According to the release, the “purpose” of the meeting is “to get feedback from the community on various town priorities, including should Woodfin have a “town center” and if so, where should it be and what should it contain?”

In the article, “What Makes A Town Center A Town Center” by Kennedy Lawson Smith, Smith writes, “One of the forces that creates value is scarcity, or uniqueness. A baseball autographed by Babe Ruth is worth more than an unsigned baseball. A postage stamp with a misprint is more valuable than one printed correctly. And, unlike more predictable town centers, town centers with unique characteristics — historic buildings, mom-and-pop businesses, unusual traditions — are more valued by residents (and visitors).When it comes to downtowns, serendipity and individuality can translate into a strong sense of community.

“Scores of communities are building new town centers these days, from automobile suburbs that have never had them before, to new communities that want them as part of the whole new community plan. Many of these new town centers are handsome places, with inviting public spaces and an appealing mix of uses. And they typically have lots of well-planned details, like arcades that keep shoppers safe from the rain en route from the parking deck to the main street, and trash collection areas tidily fenced off and tucked away behind the storefronts.
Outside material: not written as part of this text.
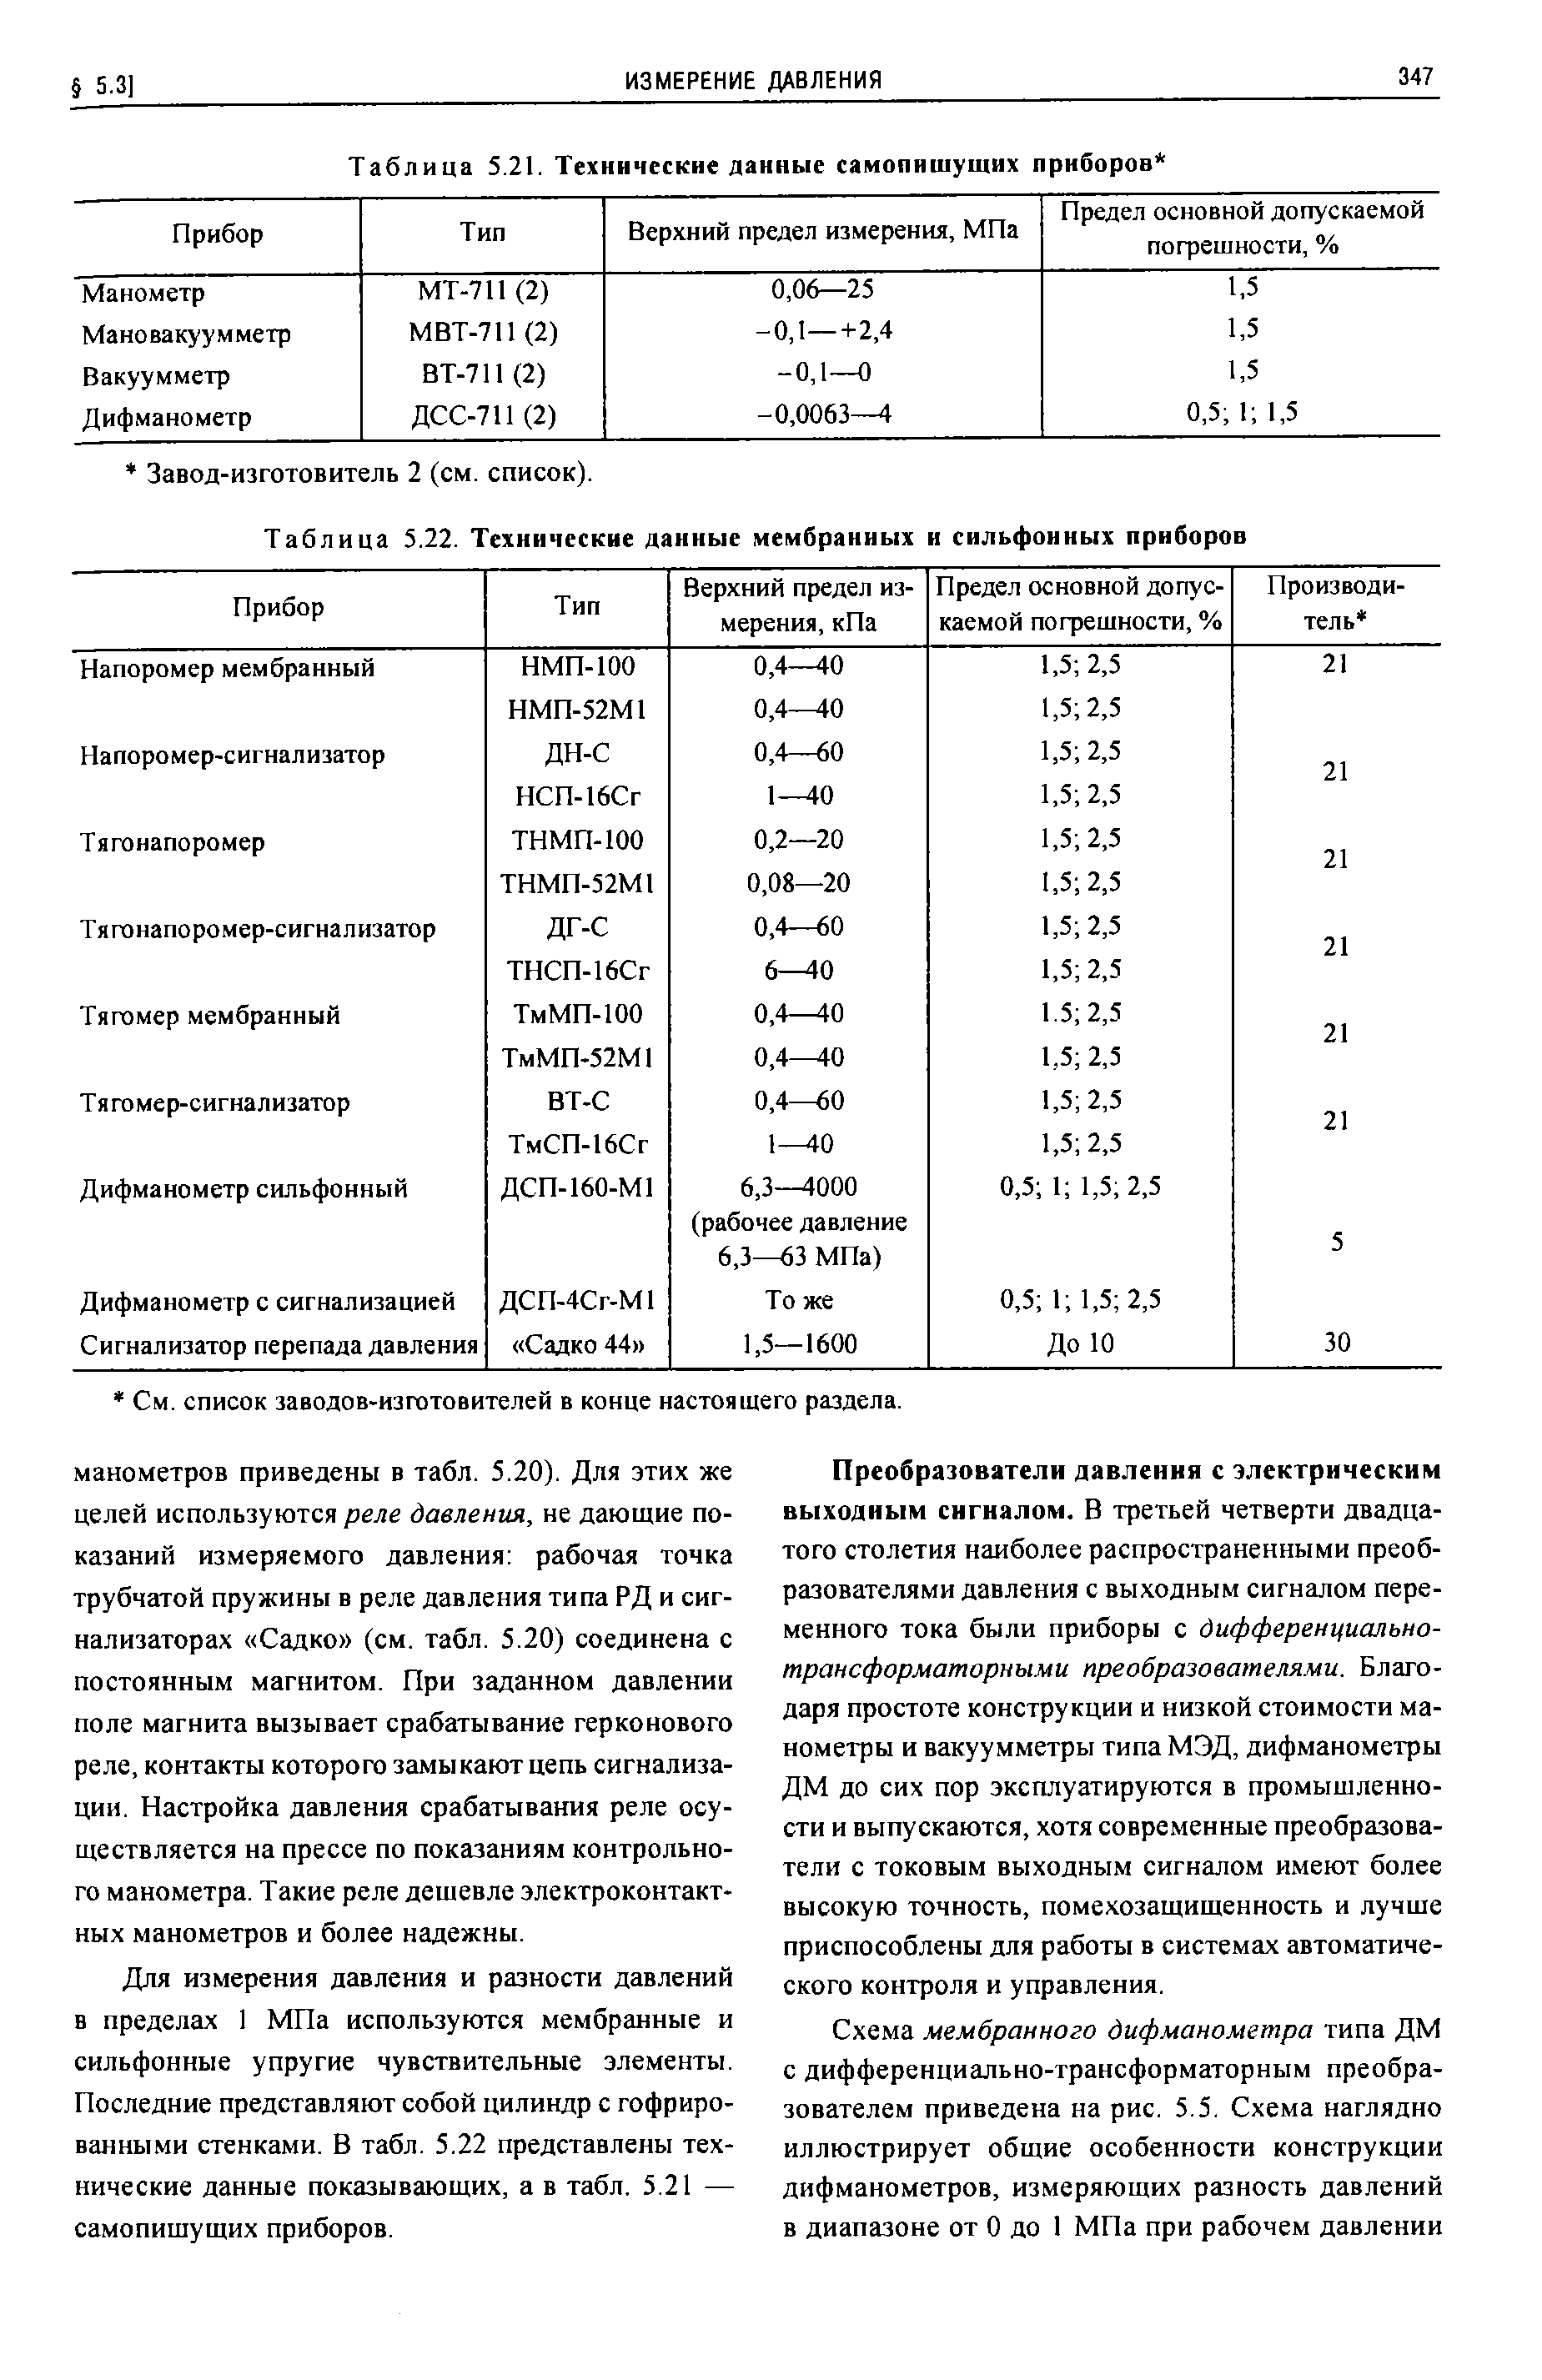 Таблица 5.22. Технические данные мембранных и сильфоиных приборов

“While they are far better than the alternative of strip shopping centers, regional malls, and lifestyle centers … many of these new town centers nonetheless lack a certain … something. The stores may look suspiciously like the ones at the shopping mall. The buildings may appear too uniformly clean, with not a single poorly-scaled sign or protruding air conditioner window unit disrupting the streetscape. The odds are good that the town center’s stores maintain common hours, opening and closing in unison (anyone familiar with independently owned businesses knows that it’s just not normal for mom-and-pops to agree with each “other on things like store hours).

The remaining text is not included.